4 messages · Joao Afonso, Michael Dewey, Guido Schwarzer

#
Dear all,

I am running a meta-analysis on the prevalence of lameness (binary) in
British dairy cattle and have used the *metaprop* from the *metafor* package.
I have set the model to run with random effects, using the DL method, and
have taken the following approach:

   1. log-transform the data as it is not normally distributed
   2. identify outliers using influential analysis (only ran this once)
   3. remove outliers and rerun the model
   4. deal with remaining heterogeneity with subgroup analysis and
   meta-regression

I have ran the model and am getting what I believe conflicting evidences on
different output indicators. As an example, after running subgroup analysis
with one moderator, the output tells me that the moderator explains around
50% of the heterogeneity (R^2), and yet the p-value for the test of
moderators is substantially higher than 0.05 telling me that the pooled
estimates of the subgroups aren't actually different.



I was hoping you could shed a light as to what could justify this happening
(if it makes sense), and possibly provide some guidance as to what I could
do to improve the statistical evidences of my study.

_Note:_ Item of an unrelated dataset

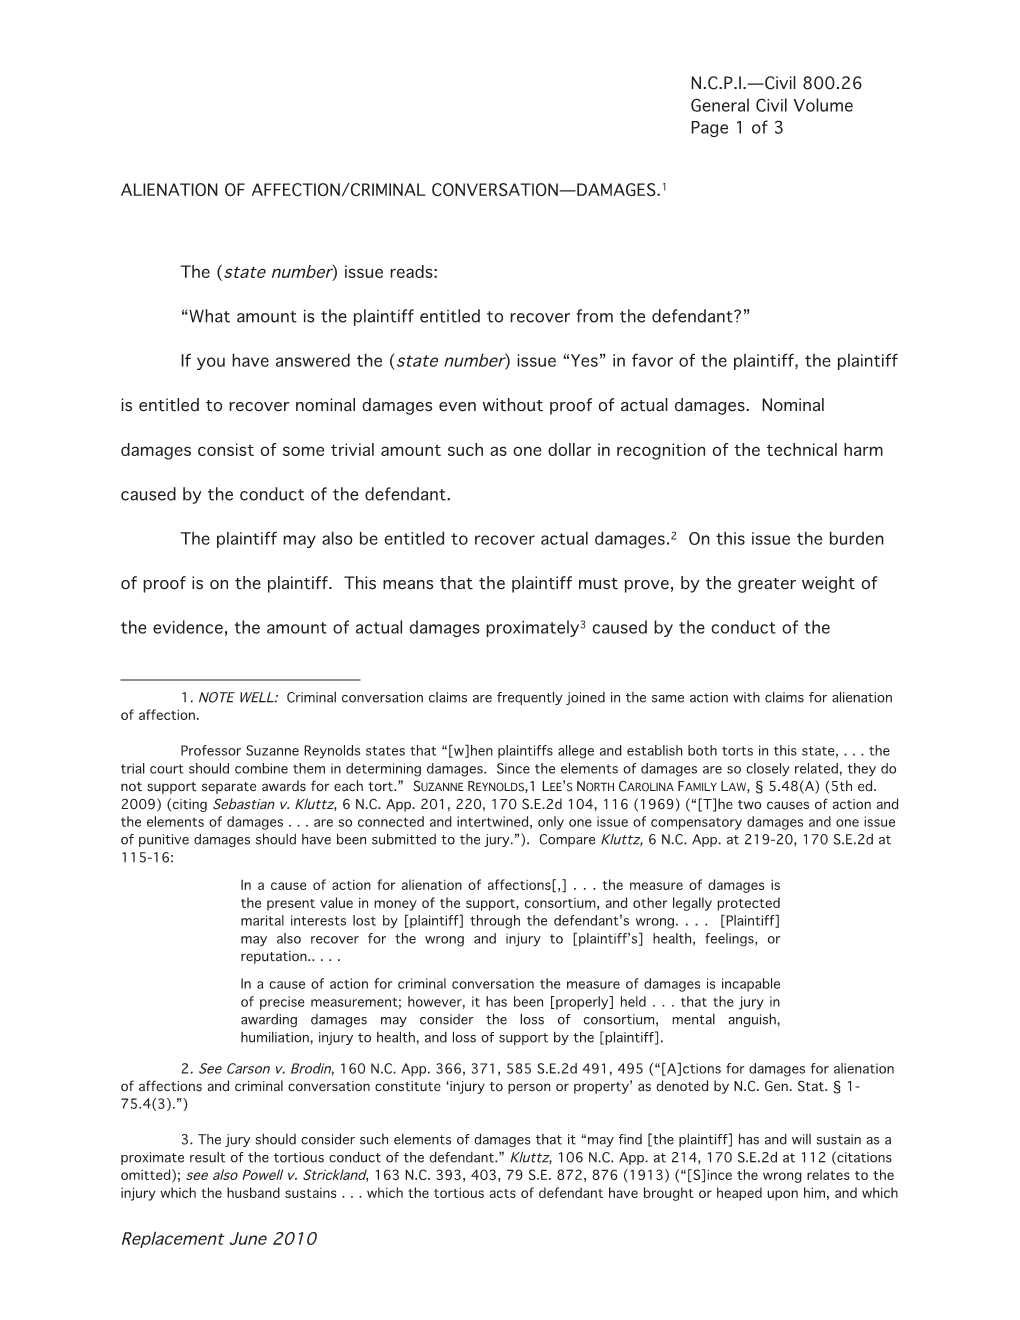 Replacement June 2010 N.C.P.I.—Civil 800.26 General Civil Volume Page 2 of 3

Many thanks and happy 2020 to everyone
#
Dear Joao

I hink we may need some clarification before we can answer this. 
Comments in-line below
On 09/01/2020 13:36, Joao Afonso wrote:
I think metaprop comes from meta, not metafor?
If it is binary data I would not have expected that anyway so what 
exactly did you transform?
In general that seems a bad idea as it removes the most interesting 
observations but you may have reasons to doubt the observations.
Can you share the output from the analysis to give us a clue?

  
    
  
#
Dear Michael,

Thank you for your prompt reply. Sorry for my eventual mistake with
the *metaprop
*command. It is likely that it comes from the *meta* package. I had to
install it as well as the *metafor* package, to run model.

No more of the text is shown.